The value of recognizing brisket disease
THE FENCE POST
Tim Holt, DVM, read a paper several years ago from Ethiopia that, among other things, detailed that Ethiopia ranges from sea level to 17,000 feet in a short distance. As he read, he said he learned that people in Ethiopia at sea level have the same blood parameters as those at 17,000 feet.
This came as a revelation to Holt and he emailed the author urging him to PAP test the cattle.
“Believe it or not, the next night I get an email that says ‘this is intriguing, how do we do that?’” he said.
Holt said he responded with a lengthy email explaining the process of PAP testing. Holt joked that he expounded about the difficulty of the process to little end.
“At the end of it I told him any trained monkey can do it, but I would sure like to come to Ethiopia,” he said.
Holt said the next thing he knew, he was on a flight to Ethiopia, three PAP machines in tow. Two PAP machines survived a fiery landing and he was on his way to begin the adventure at 14,300 feet. Holt, who is small in stature, said the trip was the only time he’s felt tall and “studly”.
“I mean look at me,” he said. “I’m 5’8”, I’m pudgy, and this is as good as it gets. In Ethiopia, I was starting to strut around a little bit because I’m a big guy. All the kids were coming up and wanted to feel my muscle and I’m like, oh, yeah…go ahead. This is not normal behavior for me.”

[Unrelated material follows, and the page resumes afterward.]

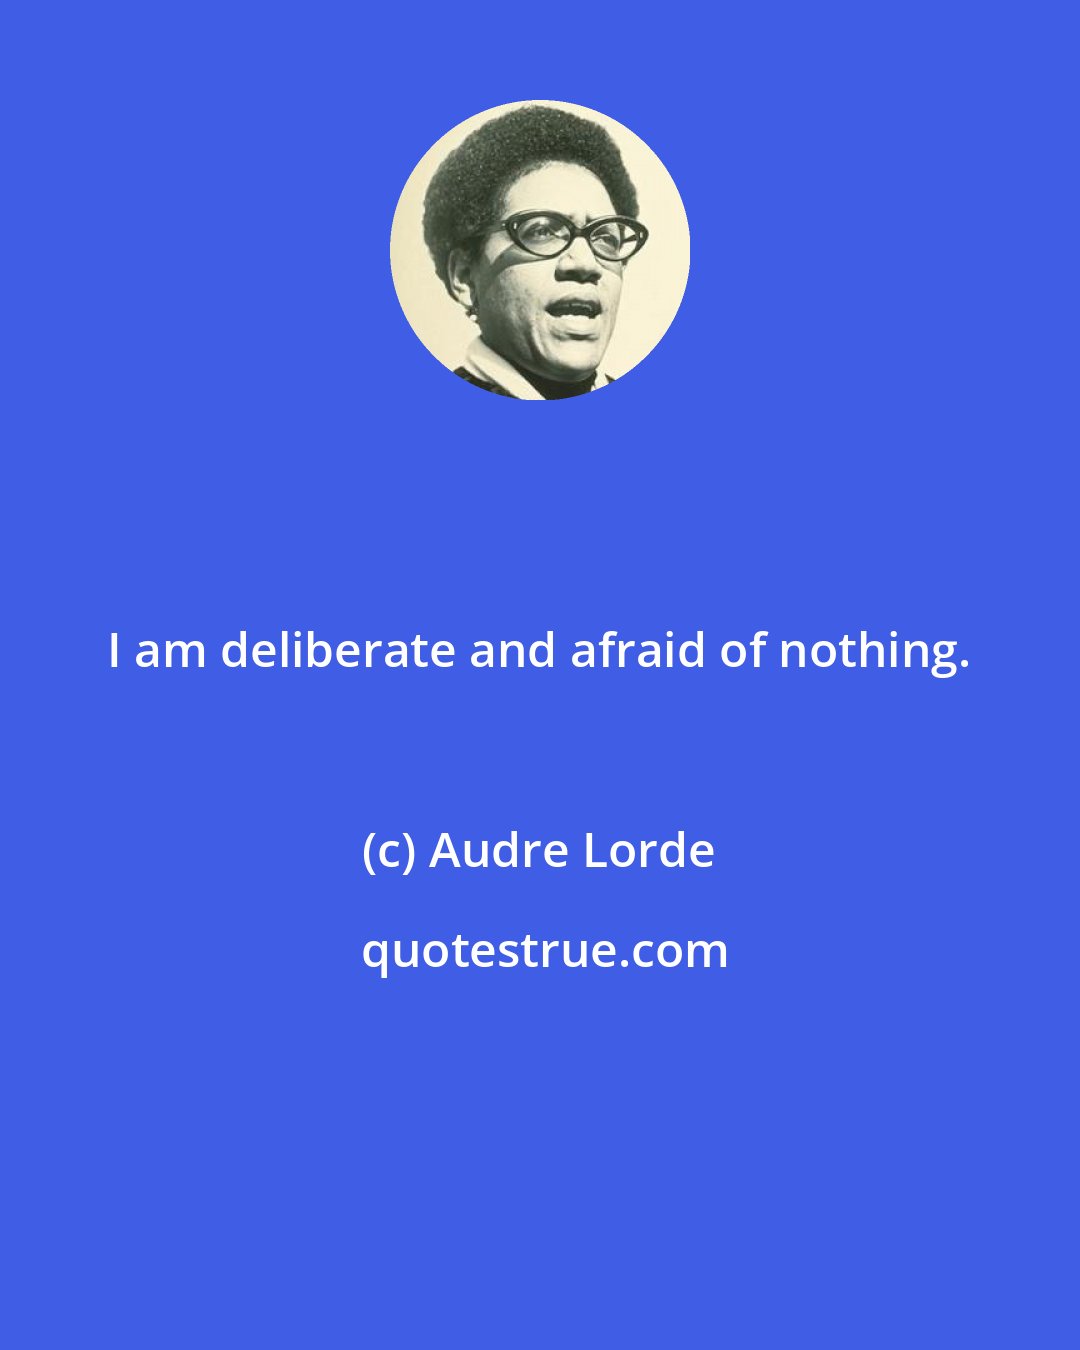 Audre Lorde: I am deliberate and afraid of nothing.

When Holt completed the PAP testing on 325 head, he said the highest score was a 34. The cattle had “weeded out” the ones predisposed to high altitude disease. Just as the people are small, Holt said the cattle are also small. The largest individual he tested was a 6-year-old bull that weighed about 650 pounds.
“It’s amazing what genetics have done for those cattle,” he said.
Tim Holt, DVM, Pulmonary Arterial Pressure tested his first bull in about 1979 and has tested approximately 300,000 cattle since then. PAP testing, a test to determine the possibility of cattle developing pulmonary hypertension, is widely used in cattle raised at high altitude.
A speaker at the Beef Improvement Federation meeting in Loveland, Colo., Holt spoke to the value of identifying the symptoms of pulmonary hypertension at low altitudes, specifically in a feedyard situation.
The ability to recognize pulmonary hypertension chuteside in a feedyard situation can have value. In a study completed in a processing plant studying 1,000 head of cattle, Holt said approximately 37 percent were affected by cardiac disease.
“One of the big problems is when an animal comes in and does it have cardiac disease or respiratory disease?” Holt said. “It you treat one with Nuflor or Draxxin that has cardiac disease you just have to realize that it’s not going to live long enough for the withdrawal period. If we can differentiate, we can treat the animal and maybe get something out of them.”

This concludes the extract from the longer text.